- **Dataset extract**
========================

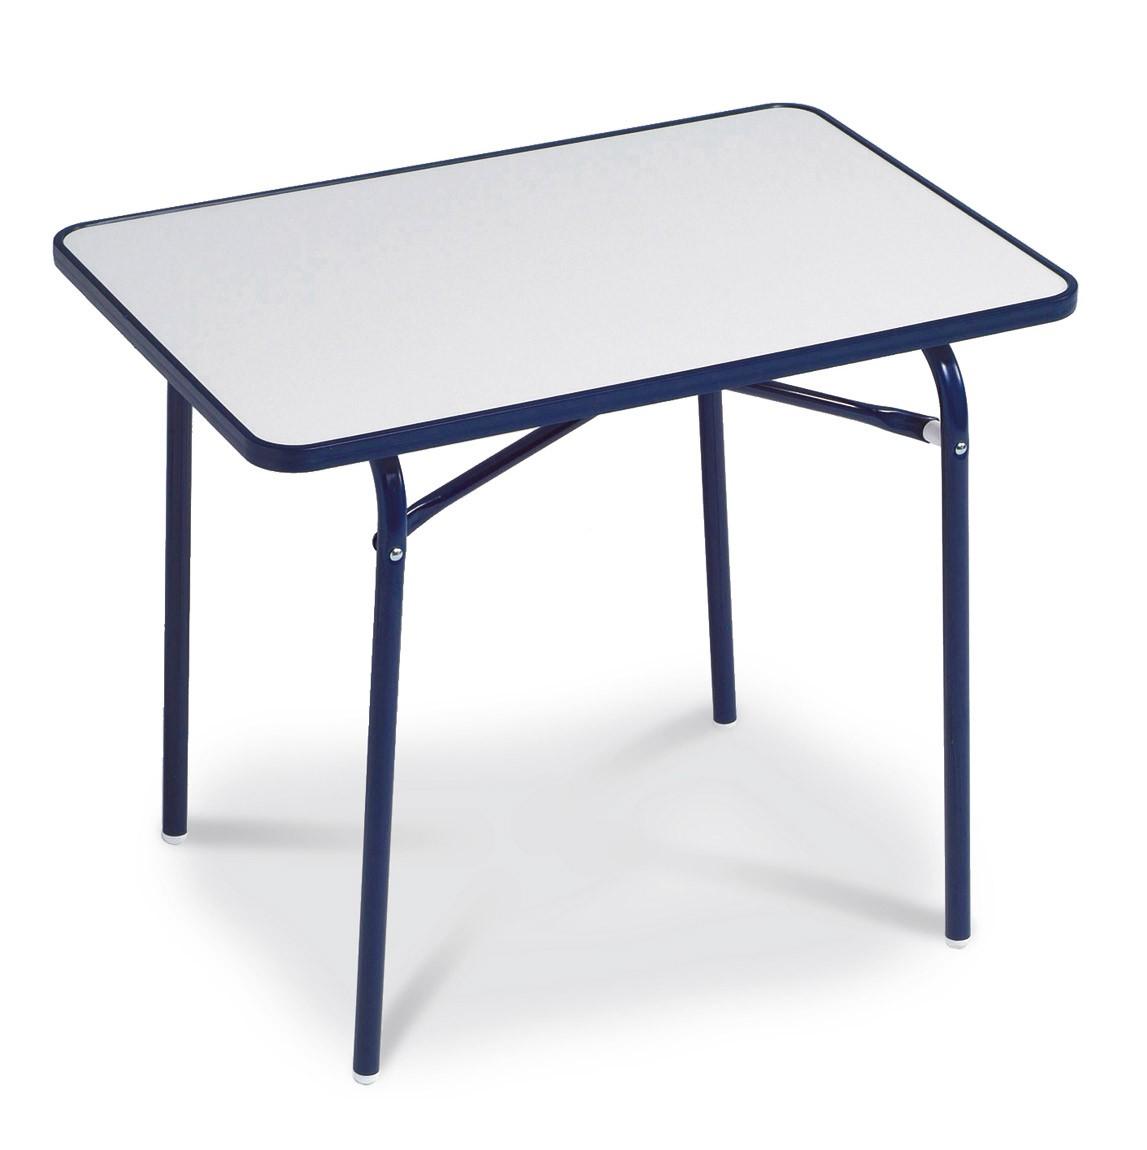 Kinder Campingtisch Klapptisch Best 60x40cm blau Bild 1
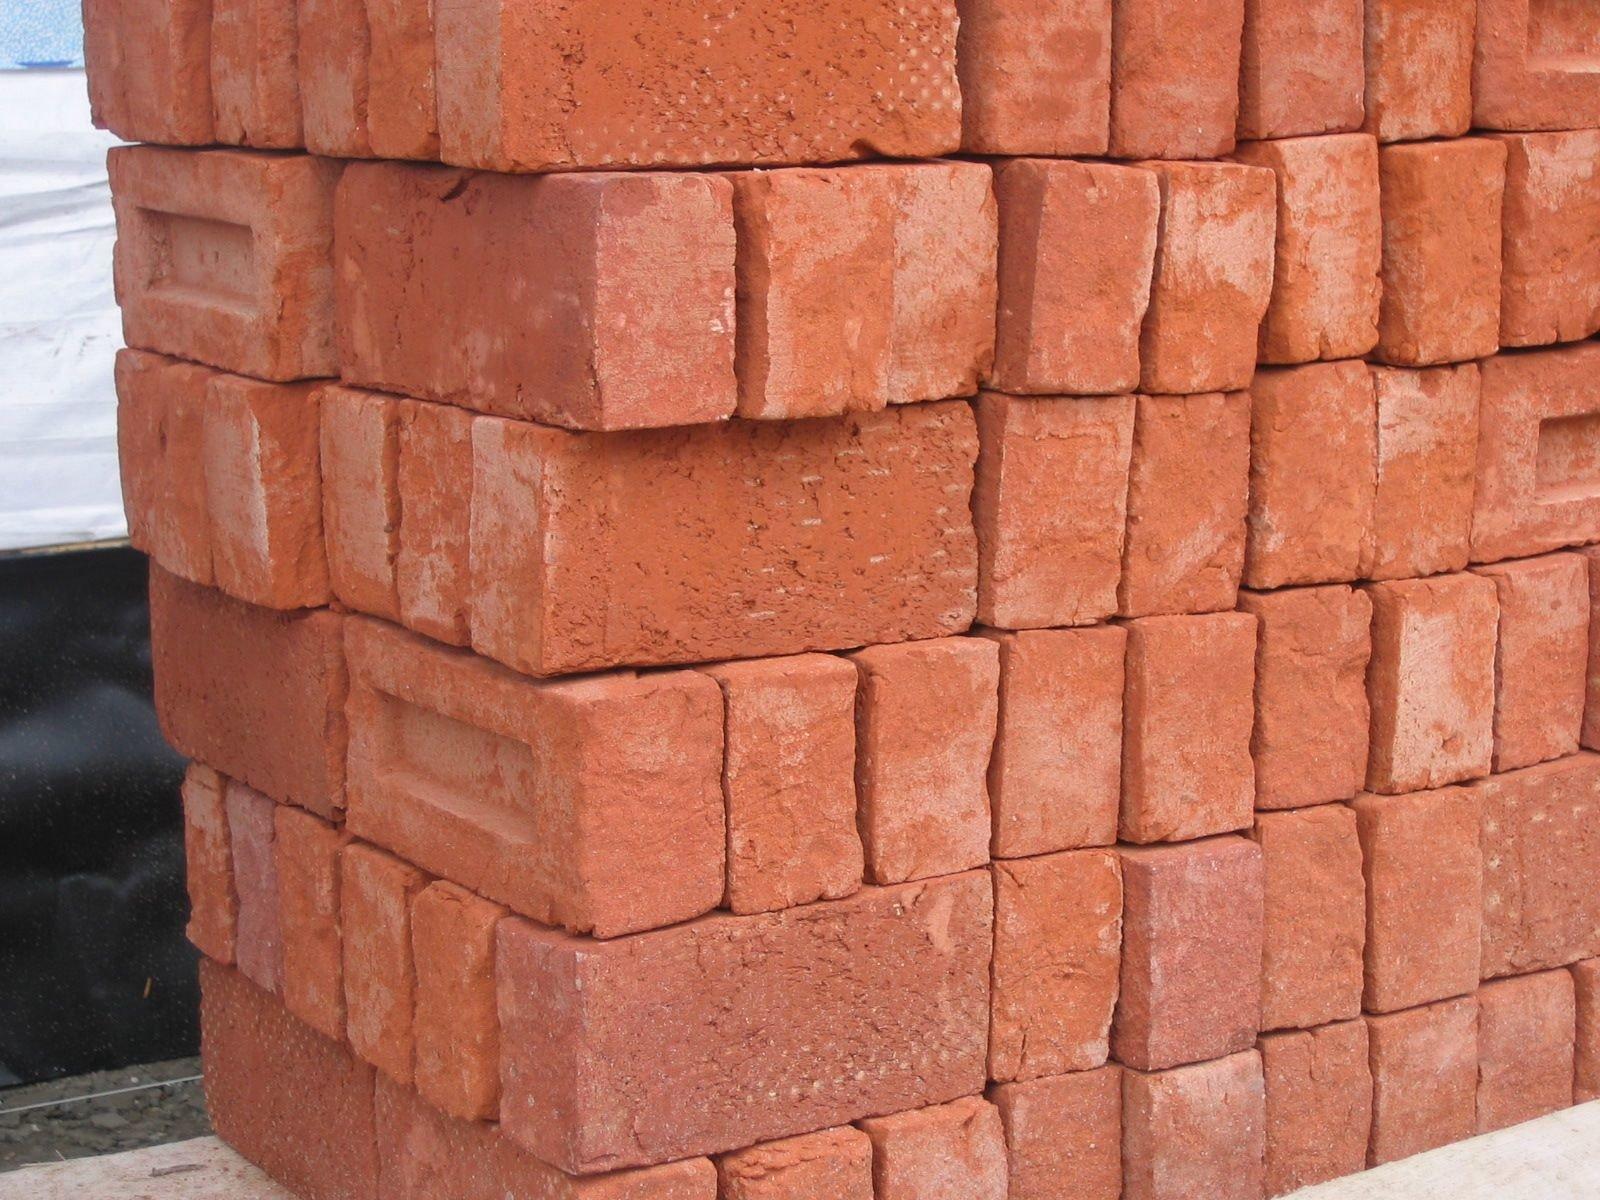 Häufig Mauerziegel   Mauerwerk   Mauersteine   Baunetz_Wissen SE47
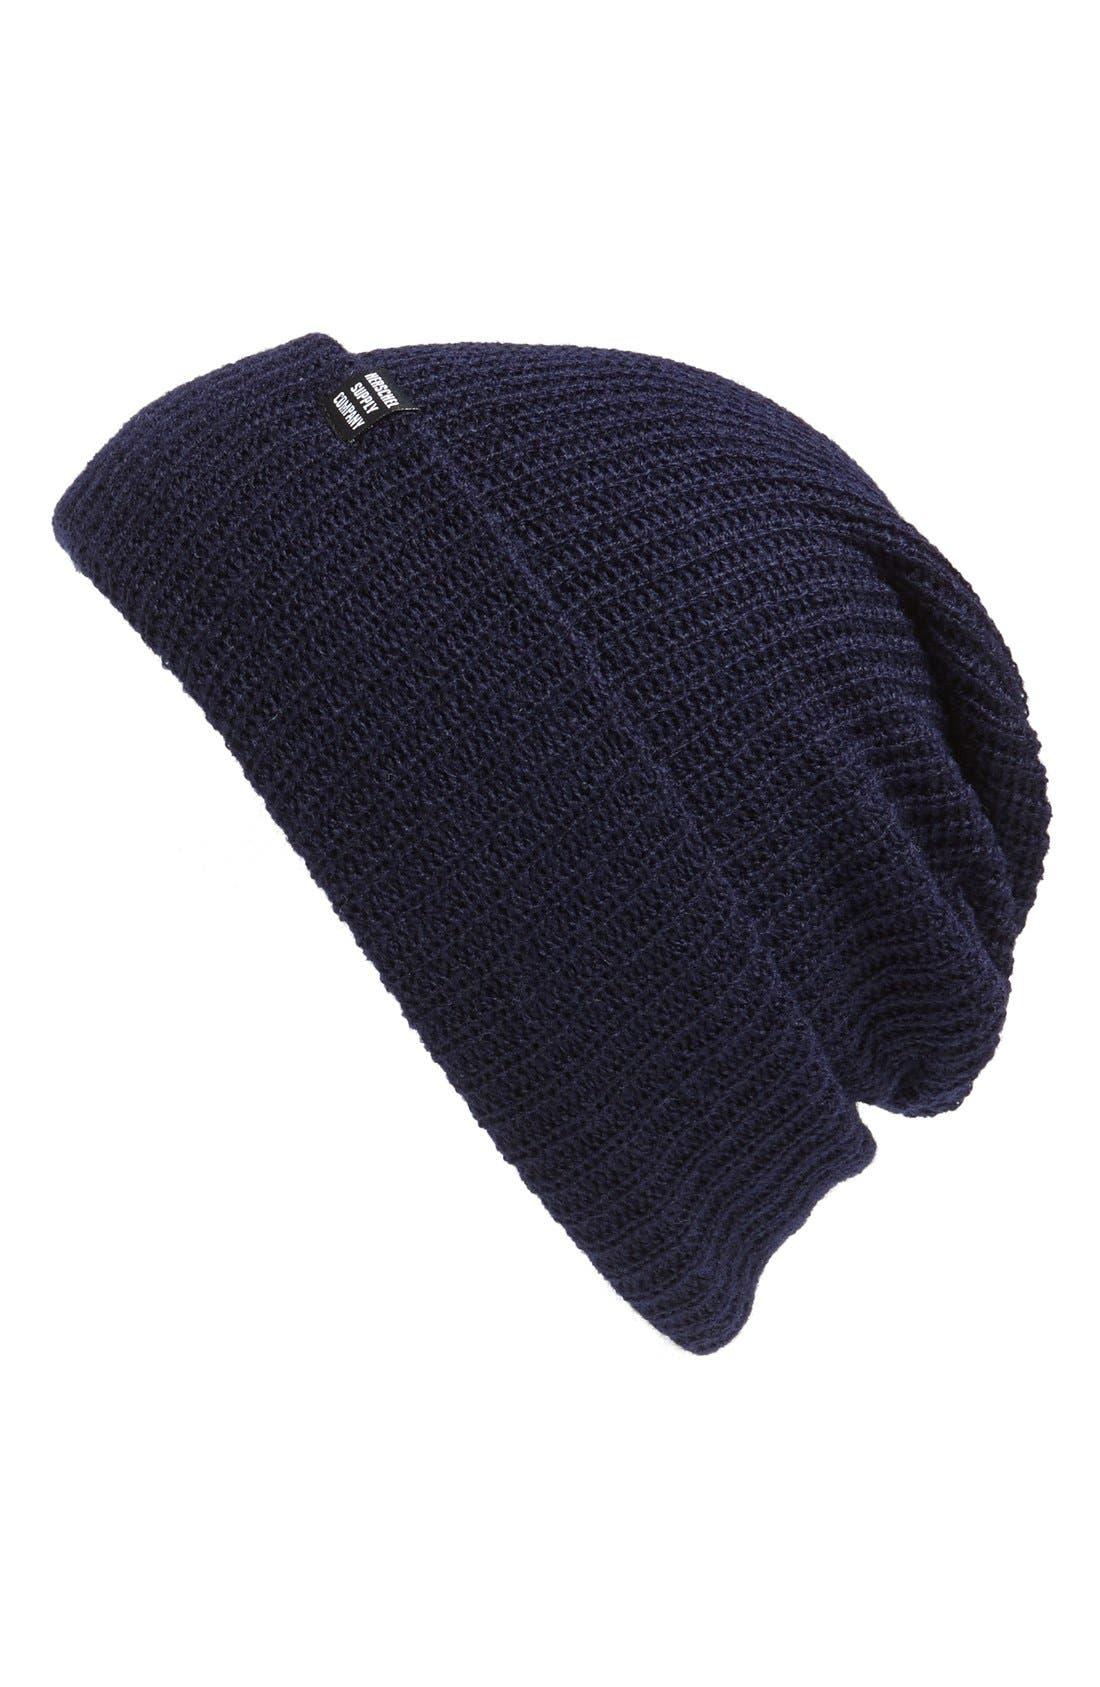 'Quartz' Solid Knit Cap,                             Main thumbnail 6, color,
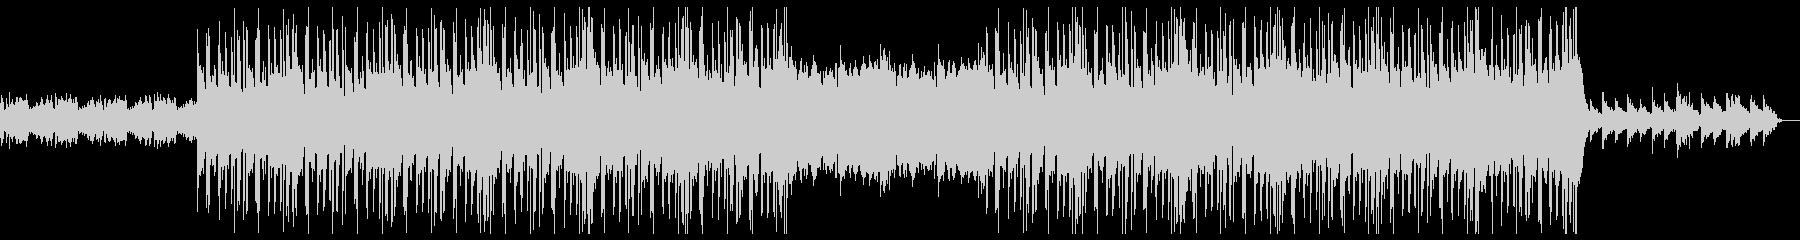 ダーク クール ヒップホップの未再生の波形

========================

- **Work item**
Recopy the whole listing above precisely, excluding images.

- **Result of the exercise**
 Kinder Campingtisch Klapptisch Best 60x40cm blau Bild 1
 Häufig Mauerziegel   Mauerwerk   Mauersteine   Baunetz_Wissen SE47
 'Quartz' Solid Knit Cap,                             Main thumbnail 6, color,
 ダーク クール ヒップホップの未再生の波形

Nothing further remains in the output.